Работа, трактиры, метанья. Лето кончилось разрывом.
В письме в Нижний к ее брату Петру Михайловичу Андреев доверительно делился переживаниями: «Не знаю, что думает и чувствует Алек<сандра>Михайловна. Я же думаю и чувствую, что отдавши сердце, не легко взять его обратно… Как никак, а больно»[9].
В начале следующего года, поддавшись уговорам, он лег в клинику: лечиться от «нейрастении». Александра Михайловна навещала его тайком от матери. Они помирились. В рассказе «Жили — были» Леонид Андреев описал эти посещения: «К нему приходила высокая девушка со скромно опущенными глазами и легкими, уверенными движениями. Стройная и изящная в своем черном платье, она быстро проходила коридор, садилась у изголовья больного… и просиживала от двух ровно до четырех».
Жених, неустроенный, неуравновешенный, страдал припадками меланхолии, бывали запои. Недовольство, тревоги Евфросиньи Варфоломеевны понятны. Леонид Андреев делал успехи — в 1901 году у него вышла первая книжка рассказов, о которой стали писать, говорить, — но это ее не поколебало.
Венчание состоялось в половине шестого 10 февраля 1902 года в церкви Николая Явленного на Арбате.
В заснеженной Москве было неспокойно. «Анархия в самом воздухе… страшное возбуждение»[10]. В ночьна31 января у Андреева полиция провела обыск: искали письма Горького, на письма Пешкова внимания не обратили, но взяли с обысканного подписку о невыезде. Горькому он писал: «Плохая, друже, свадьба. Вчера пропал без вести мой брат (художник); вероятно сидит в Бутырках. Маминька моя воет.
…Центр города занят войсками и казаками; улицы оцеплены… Встретил я несколько черных и длинных, как гроба, карет под сильным конвоем казаков — и заплакал.
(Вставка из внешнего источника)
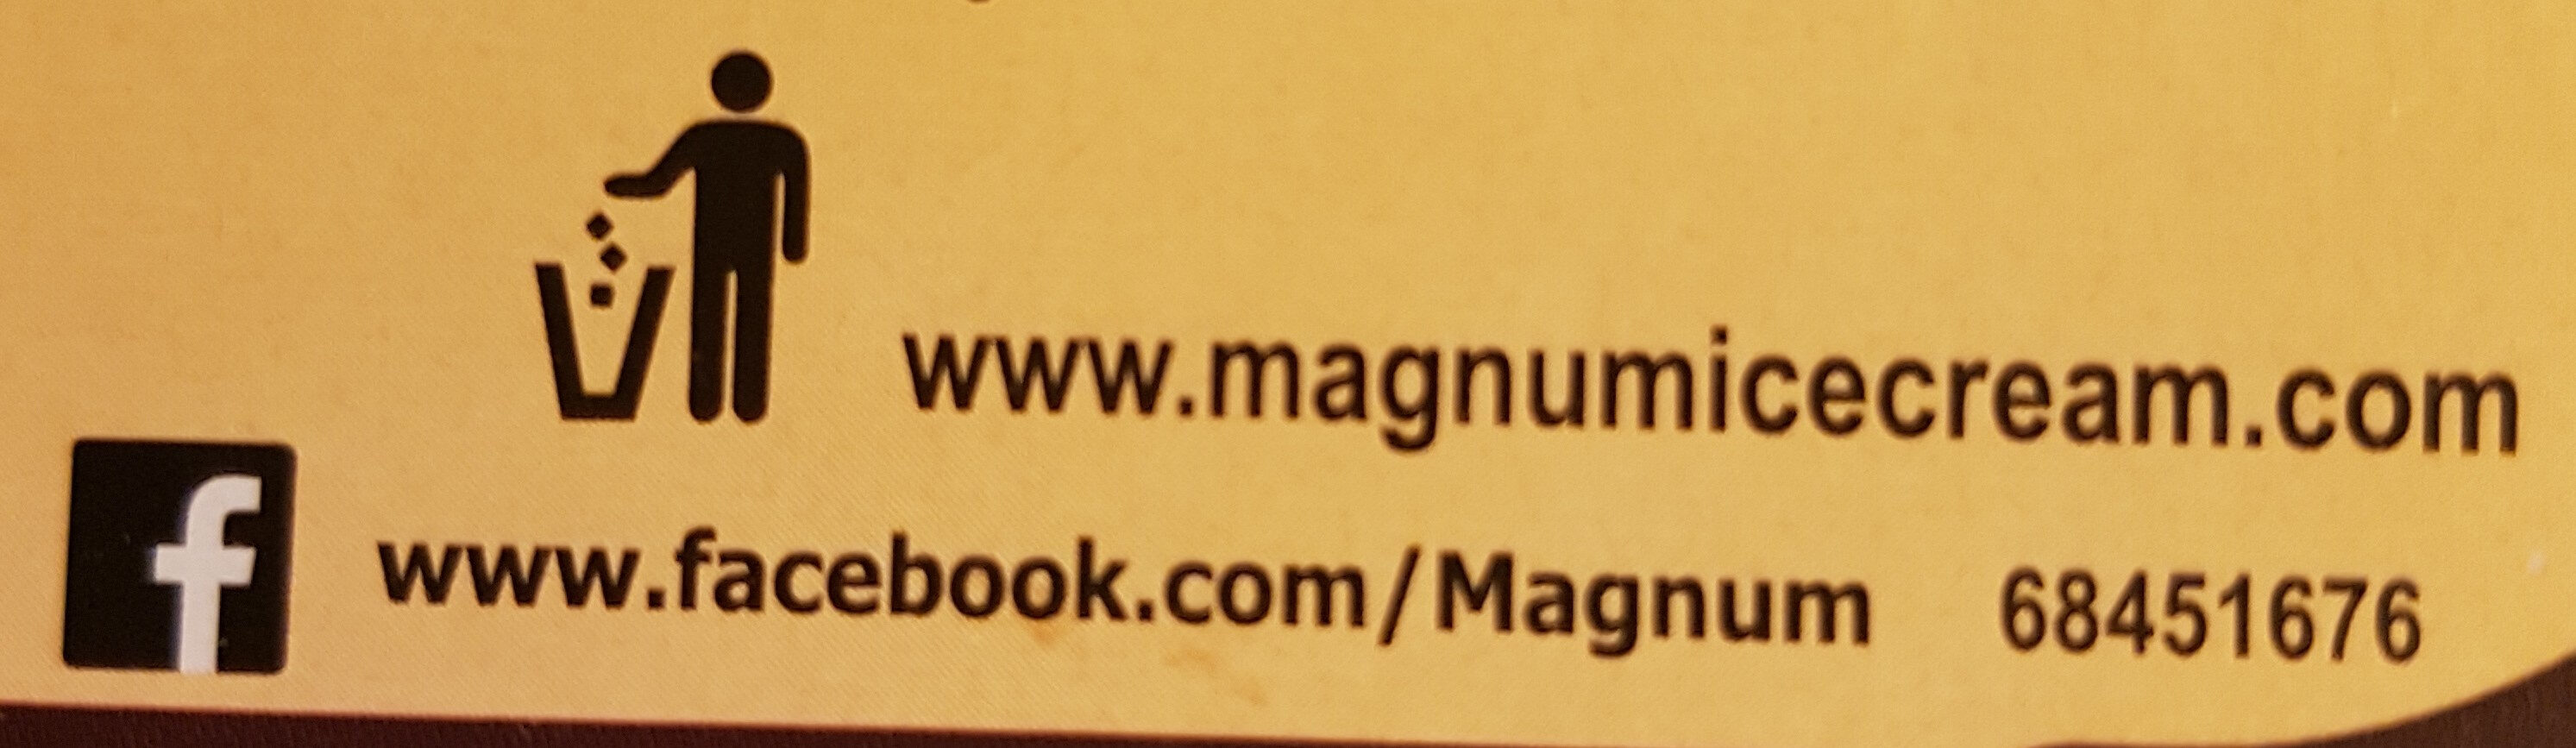 Magnum Glace Bâtonnet Double Caramel 4x88ml - Instruction de recyclage et/ou informations d'emballage

Тошно. А отложить свадьбу нельзя. Съехались со всех концов родственники, старики и старухи…»11
Поручителем при женихе был поручик Воронежского пехотного полка Михаил Александрович Добров. Невысокий, уже полнеющий, как все Добровы. В год рождения Даниила за устройство под Тамбовом тайной лаборатории, изготавливавшей бомбы, он был арестован и сослан в Иркутскую губернию. Видимо, слухи о его революционных занятиях и вызвали фантастические воспоминания Андрея Белого: «дом угловой, двухэтажный, кирпичный: здесь жил доктор Добров; тут сиживал я с Леонидом Андреевым, с Борисом Зайцевым; даже не знали, что можем на воздух взлететь: бомбы делали — под полом…»[11] Этот дом, в котором Даниил Андреев прожил большую часть жизни, не уцелел, — революционные бомбы, уже после смерти его обитателей, взорвались.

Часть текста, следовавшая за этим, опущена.